Category: Young Justice (Cartoon)
Genre: Drabble, Drabble Collection, F/M, Fluff, Mini Fic, smol mini fics that will become big
Language: English
Status: In-Progress
Published: 2016-11-06
Updated: 2017-03-26
Packaged: 2018-08-29 08:15:30
Rating: Teen And Up Audiences
Warnings: No Archive Warnings Apply
Chapters: 5
Words: 3,333
Publisher: archiveofourown.org
Story URL: https://archiveofourown.org/works/8482144
Author URL: https://archiveofourown.org/users/shinyhappyfitsofrage/pseuds/shinyhappyfitsofrage
Summary: It was, after all, a little bit like poetry: a lot of heartbeats, forced into just a few short stanzas.[a drabble per poem in John Donne's "Songs and Sonnets", concerning Artemis and Wally]





	1. the flea

**Author's Note:**

> in my british literature class, we read John Donne's "The Sun Rising". as my professor talked us through the meter, the historical context, the language, all i could think about was how much it reminded me of an apartment in Palo Alto.

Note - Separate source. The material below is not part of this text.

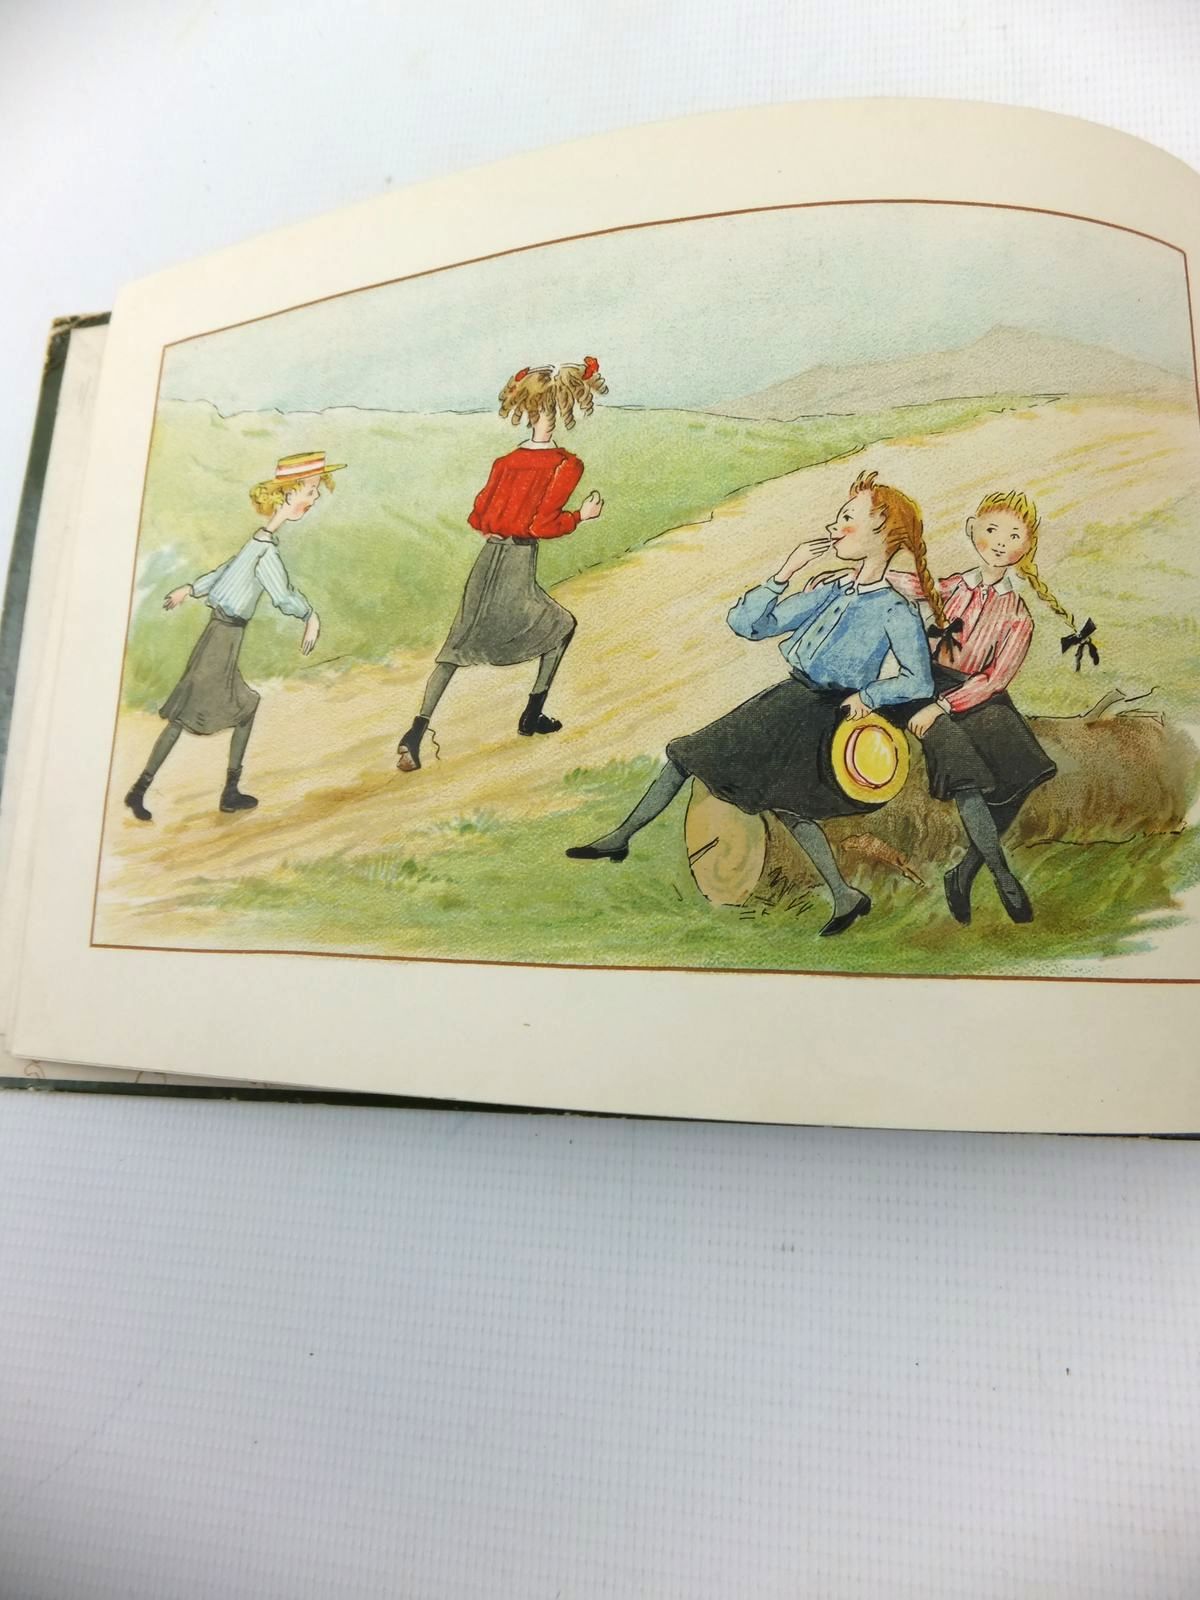 Photo of MOPS VERSUS TAILS written by Ainslie, Kathleen illustrated by Ainslie, Kathleen published by Castell Brothers Ltd., Frederick A. Stokes Company (STOCK CODE: 1814717)  for sale by Stella & Rose's Books

We think of poetry as so flat, so constrained and boring but the truth is poetry is anything but. poets are capable of saying in just a few words what we struggle to say our whole lives. and poetry can be thrilling, dangerous, sexy; it can be compassionate, still. it can convey terrible, hopeless wanting and desperate passion, and above all it can (and perhaps was built to) convey love, in its rawest and purest sense.
> 
> each drabble in this work is inspired by a poem in John Donne's "Songs and Sonnets". they go in the order the poems are originally in. i am uploading each drabble as a separate chapter because i have no idea when i will finish this but it works best if you read it as one whole work rather than chapter by chapter.

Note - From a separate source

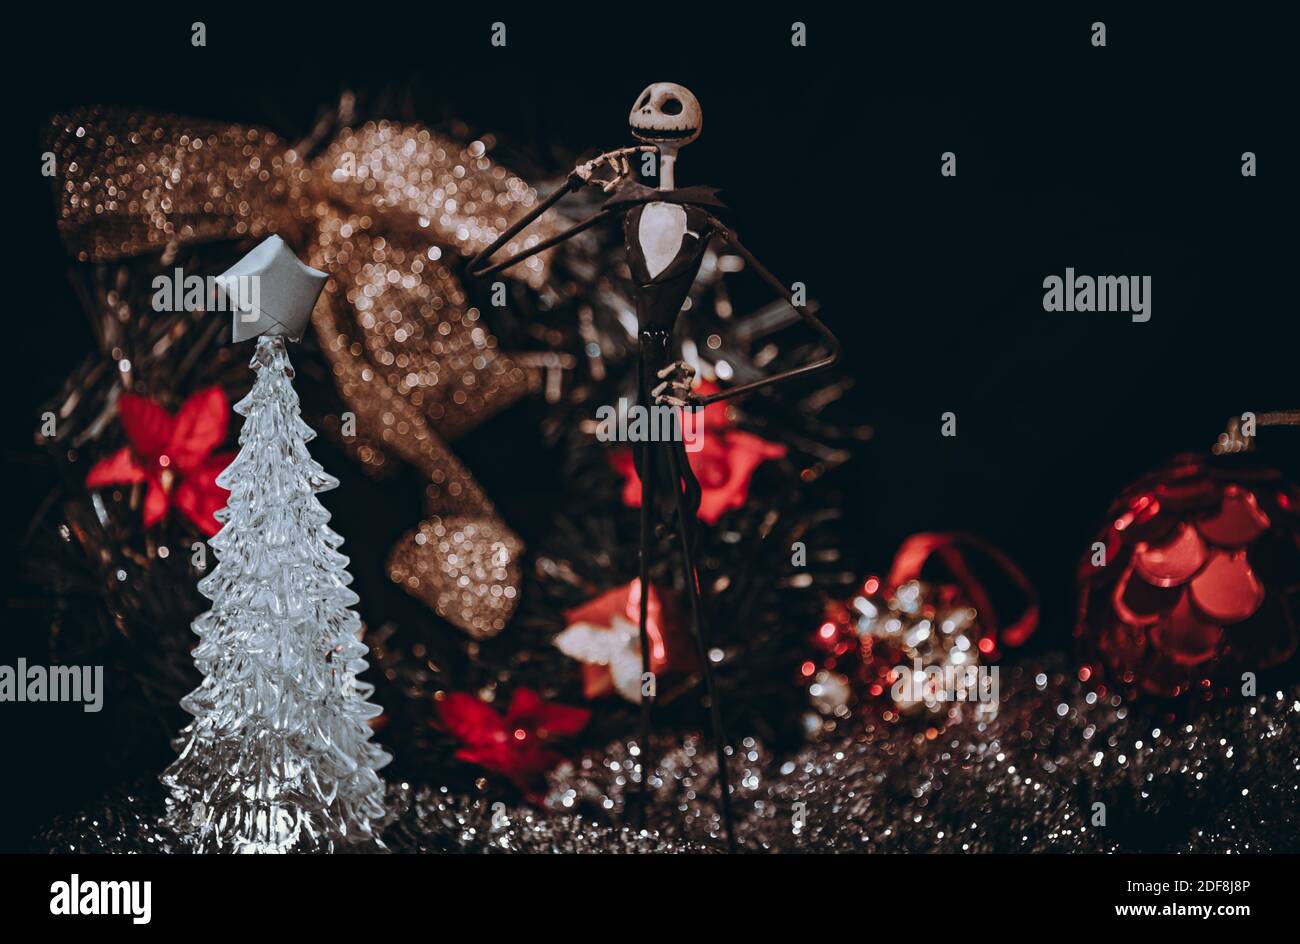 Charming Jack Skellington from Night Before Christmas surrounded by festive adornments Stock Photo

_"This flea is you and I, and this_   
_Our marriage bed, and marriage temple is."_

Wally realizes for the first time the real implications of super metabolism on a hot July night in Gotham City, one of the nights where the air sticks to you like a second skin. The sounds of the streets bubble over normal levels, and it feels like Gotham is on the verge of something, of a great something, or maybe that just him. He’s eighteen, and he moves from Central City, Missouri, to Stanford, California in a month, and Artemis has pulled the champagne she’d been hiding in her closet out from under her winter sweaters to pop the cork into the alley below her apartment. He’s both terrified and exhilarated, from being in love with her, from growing up with her, and from taking his first swig of alcohol on a fire escape on a night that is on the brink of everything.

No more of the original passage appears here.